Being seen as lazy wasn’t something I was used to people telling me. In fact, when I had been building my business, I was working so much that my staff had told me to take a vacation before I had a heart attack. It became very apparent to me after my conversation with Cassidy that I lived in extremes. Either I was doing everything, or nothing. Either I was an over achiever, or achieving nothing. And if that was my personality – and I knew it was – then I’d rather be doing everything and be an over achiever.

There were plenty of activities I could have been doing while at the treatment center, but I hadn’t signed up for them. Instead, I had opted to spend as much time in bed sleeping and avoiding everyone else on the unit.

But that time was over. Instead of being lazy, I was going back to my active self. I could only imagine how much easier being active would be if I wasn’t drunk or high on some substance.

“Sure, I’ll get you on the list. The weather is pretty bad, though, so you’ll have to bundle up. I think Melinda had a list around here somewhere.”

“Thanks. And isn’t there a yoga class sometime? I’d like to give that a try also.”

“Yes, they do yoga every morning at six,” she said with a smile.

Both Susan and I knew that I never woke up early. Mornings were like my kryptonite, but I wanted to try something new.

There was a new drive in me to actually make myself proud. Sure, it had started with Cassidy’s comments to me, and at first I had been incredibly offended. But there was some truth in what she said. I was comfortable being the lazy computer nerd type of guy. Although my body was naturally in decent shape and I still liked to lift weights at my office to blow off steam, I certainly wasn’t all that physically healthy.

Not only was I going to start participating in more of the physical things that were offered at Paradise Peak, I was also going to put some real hard effort into group sessions. I had been holding back in those for a variety of reasons, but I knew everyone in my group sessions now. There was no longer a reason to stay quiet. It was time for me to push through and see what all I could get out of my time at the center.

“Sign me up,” I said enthusiastically.

“Okay,” the nurse said skeptically as she added my name to a list. “Now, this is the kind of enthusiasm I like to see.”

Her comment warmed my heart. That was the type of feeling I wanted more often. Being noticed for doing something good was one of my favorite feelings and I hadn’t even realized it.

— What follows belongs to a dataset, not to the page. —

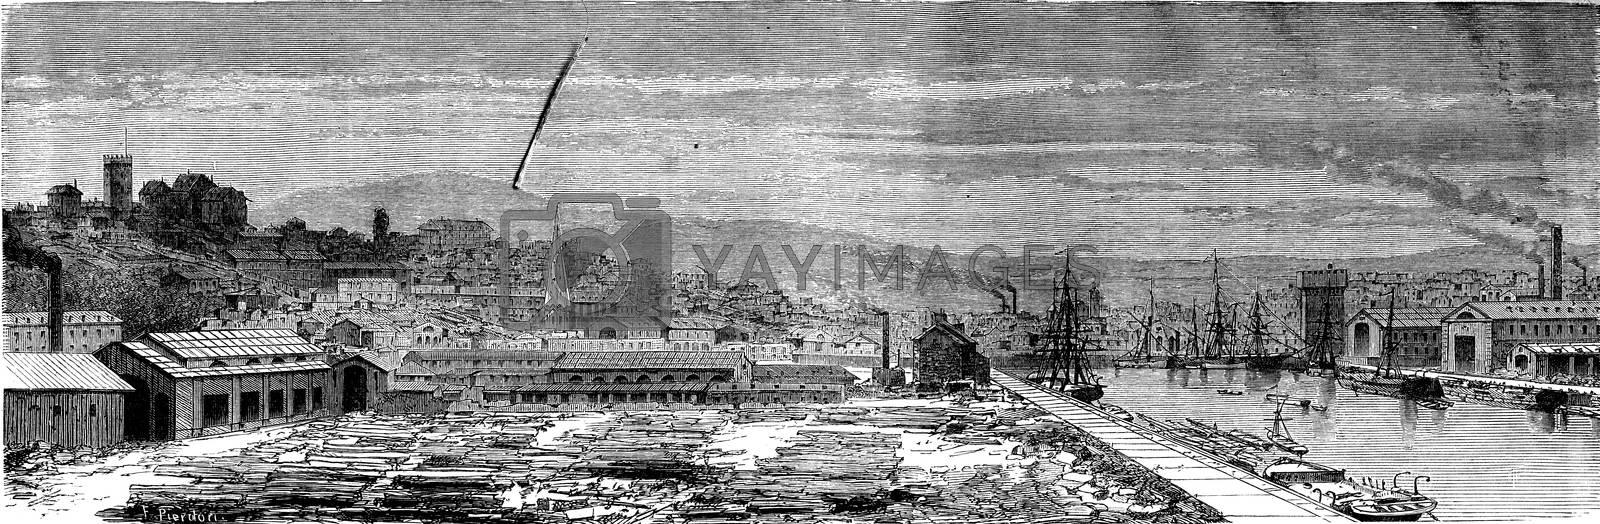 View of Newport, vintage engraved illustration. Le Tour du Monde, Travel Journal, (1865).

While I was building my tech company, I used to love when people looked shockingly at me and didn’t believe I was old enough to run a business. Their dismay and shock was uplifting to me. That element of surprise was a way I often boosted my ego.

The more I thought about my past, the more I realized that I often put on fake, shocking events in the hopes of people thinking I was better than I really was. Once, I had hired a famous musician and his band to play at my party, then went around telling everyone that he was there as a friend and we were really close. It was a stupid lie and only impressed people who I didn’t know. The band had cost over $100,000 and only played for 90 minutes.